How a bad fantasy baseball team turned Nate Silver into America’s top data nerd

Nate Silver, writer for the New York Times and America’s favorite nerd, took the stage in Austin at SXSW on Sunday to talk about his favorite topic: data. Needless to say, Silver’s had a few wins this year in that department.

He recently published a book called The Signal and the Noise that looks at the role data plays in our daily lives and the way we can use it to better understand the world around us. But speaking at a breakneck speed in front of a large audience in Austin on Sunday, Silver addressed some fairly random topics and questions:

1. Why the competition matters

“I’ve tried to work in fields like politics and baseball where the competition is not very good.” Silver said the lesson is important for startups, too: if you’re doing the same service that 98 percent of your competitors provide, there’s less room for growth.

2. On moving

“There were too many cool people moving to Brooklyn, so I had to move back to Manhattan.”

3. Who would play Nate Silver if they make a FiveThirtyEight movie

“I really hope they don’t make a movie about me. But I would think Brad Pitt. In terms of appearances.”

4. How he got his start

“Initially when I was a ten-year old I really wanted to build my fantasy baseball league. And I kept drafting … really crappy players and I didn’t understand why I couldn’t win. So with me it’s often been about competition, about wanting to win my NCAA tournament pool or my fantasy league.”

5. On fame

“Ironically I think I’m getting way too much credit now,” Silver says. “We’re very results-oriented as a society.” Silver said he’ll become uncomfortable if FiveThirtyEight ever discourages people from voting as the predictions improve, something he’s discussed before.

6. On the best way to pick a March Madness bracket:

“Travel distance matters a lot to performance.” Silver said that FiveThirtyEight does March Madness bracket predictions, but noted that people filling out their own should remember the correlation between travel distance and performance.

7. On one of the hardest things to predict:

“We had a formula that tries to predict the numbers and it’s only about 70 percent right,” Silver said of the Oscars. “That’s a field where you don’t have very good data available.”

8. Why he’s misunderstood by critics

“I think sometimes people mistake what I do as someone who’s saying everything we do is predicable…. Whereas really I’m more of a skeptic of prediction,” he said. “What I’m actually doing is taking polls and averaging them and the fact that it’s so surprising says a lot about where we have to go in terms of science and math.”

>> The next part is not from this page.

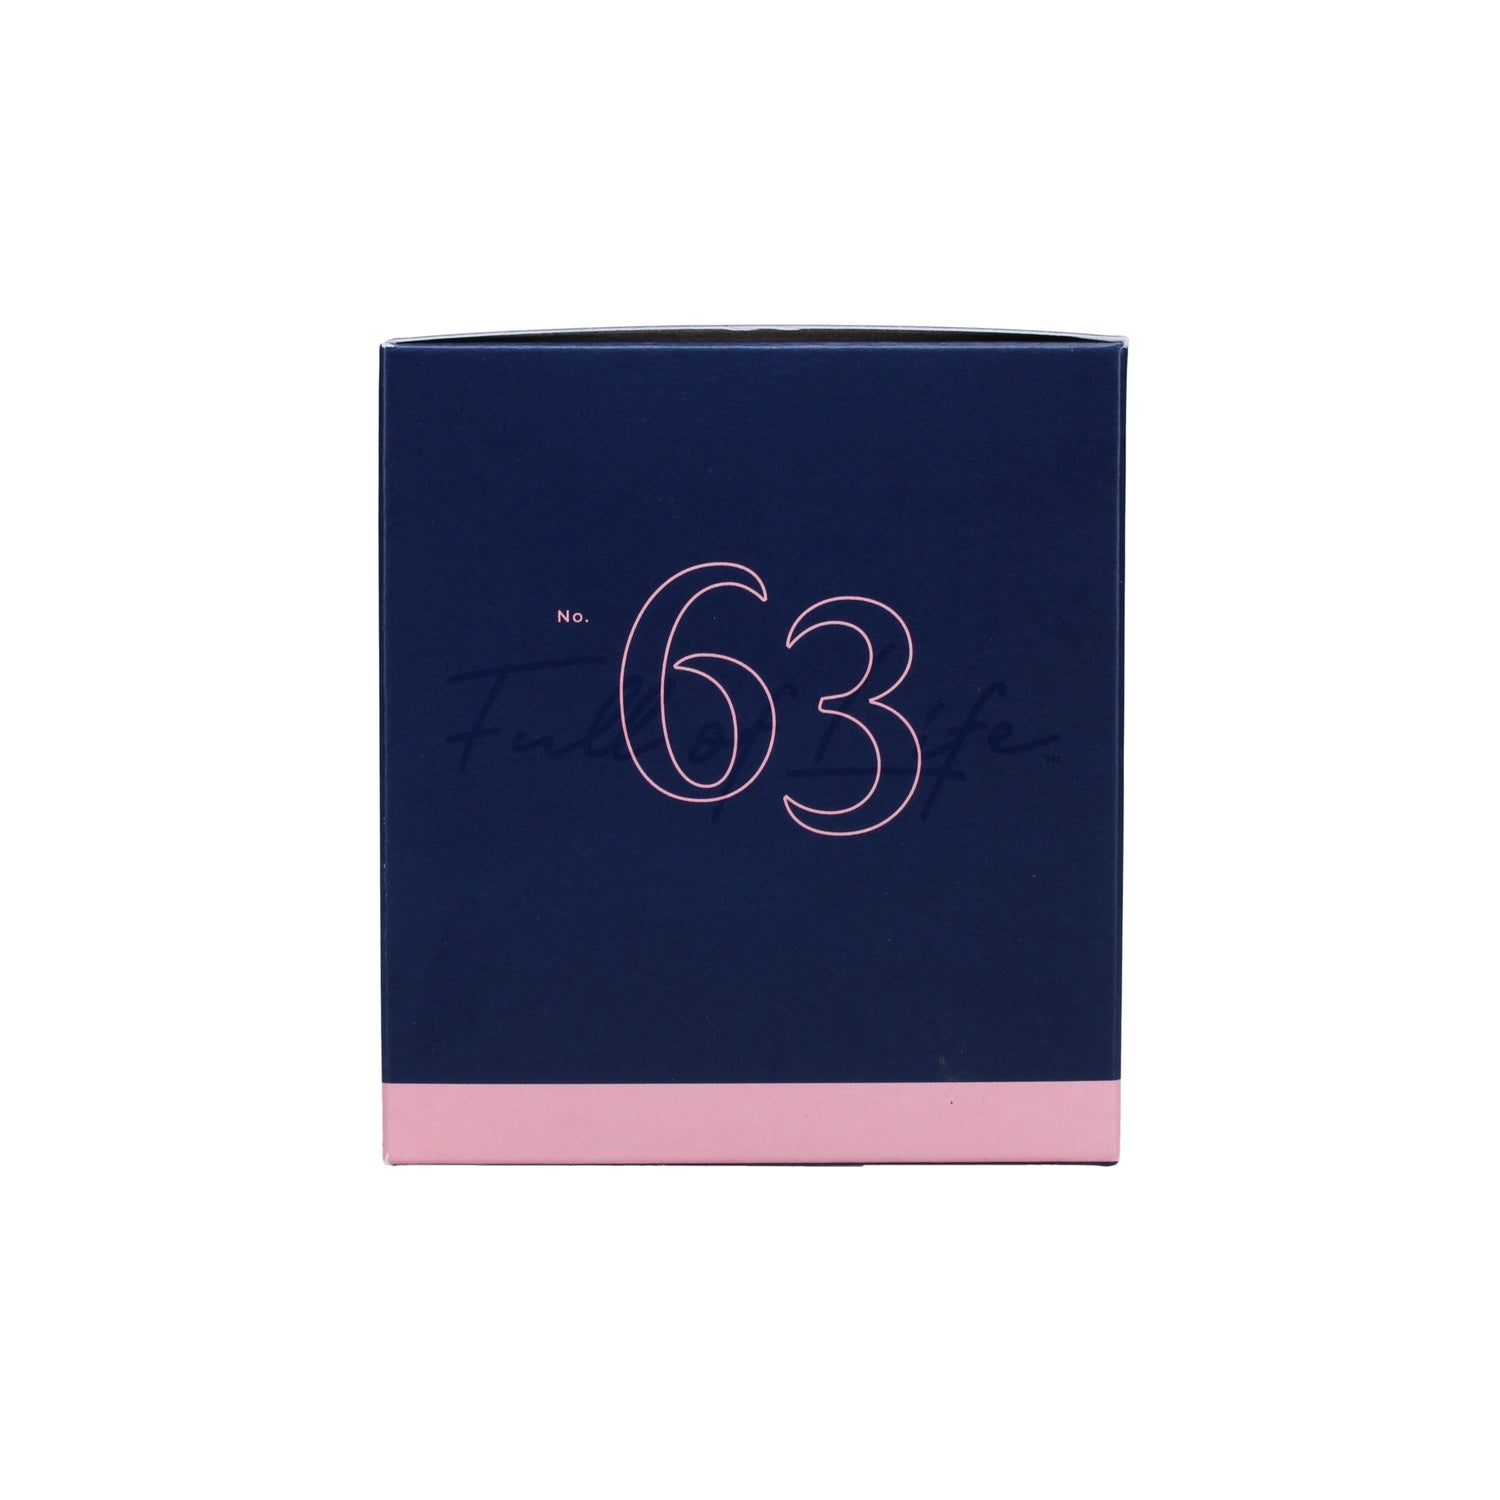 No. 63 Peony Rosewater 7 oz. Candle in Signature Box Image 6

9. The strangest model he’s ever been pitched on

“I got pitched one time by a guy who works for a cricket team in India and thinks there can be like a Moneyball revolution in Indian cricket. I wasn’t too psyched about that.”

10. One piece of data he uses to make decisions in everyday life

“Don’t fly out of JFK in New York in the evening in the summer. If you fly out in the morning, and I’m not a morning person, but you probably have a much better chance of not having delays cascade across the system.”